Now there’s been a contradictory finding by researchers in Australia, whose experiments on both humans and mice and agree with the same-arm study.
The trial, led by Dr Rama Dhenni from the Garvan Institute of Medical Research and Alexandra Carey Hoppé from the University of New South Wales (UNSW), involved 30 healthy participants who had not yet had Covid-19.
All participants received two shots of the Pfizer vaccine, three weeks apart – 20 had both shots in the same arm, while 10 got the booster in the opposite arm to the first jab.
Those in the same-arm group showed a boosted immune response in the week after their second shot, according to blood and lymph node analysis.
“Those who received both doses in the same arm produced neutralising antibodies against SARS-CoV-2 significantly faster – within the first week after the second dose,” said Carey-Hoppé.
“These antibodies from the same arm group were also more effective against variants like Delta and Omicron,” said immunologist Dr Mee Ling Munier from UNSW.
Still, the apparent immune boost from a same-arm vaccination was ultimately short-lived.

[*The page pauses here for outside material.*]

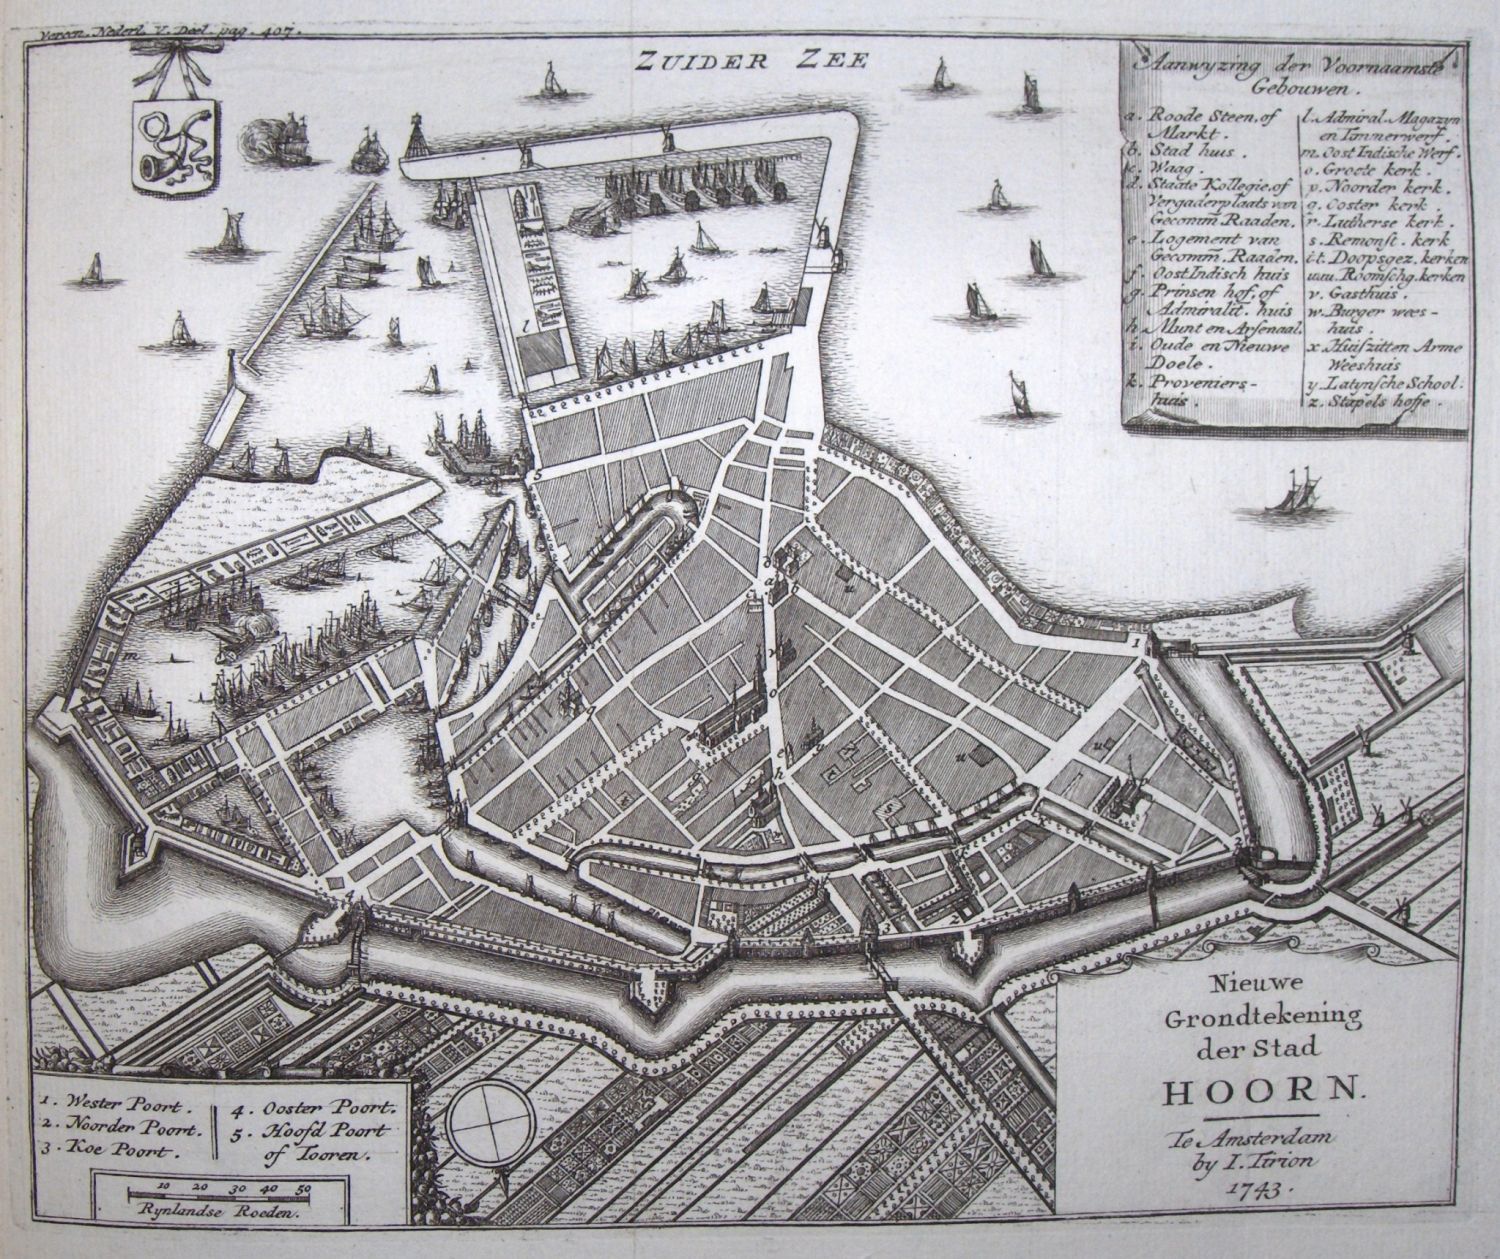 Hoorn Tirion 1743

Four weeks after the booster, those who received a jab in the same arm showed similar antibody levels to those who received a jab in the opposite arm.
This suggests that the strengthened immune response from same-arm vaccinations does not last longer than a month.
“If you've had your Covid jabs in different arms, don’t worry – our research shows that over time the difference in protection diminishes,” Munier said. “But during a pandemic, those first weeks of protection could make an enormous difference at a population level.”
Further research is needed, but Munier suspects that this same-arm vaccine strategy could help achieve herd immunity faster.
To explore why that might be, Munier and colleagues used mouse models. When mice were given a second vaccine to the same side of the body, it increased their immune response in that side’s lymph nodes.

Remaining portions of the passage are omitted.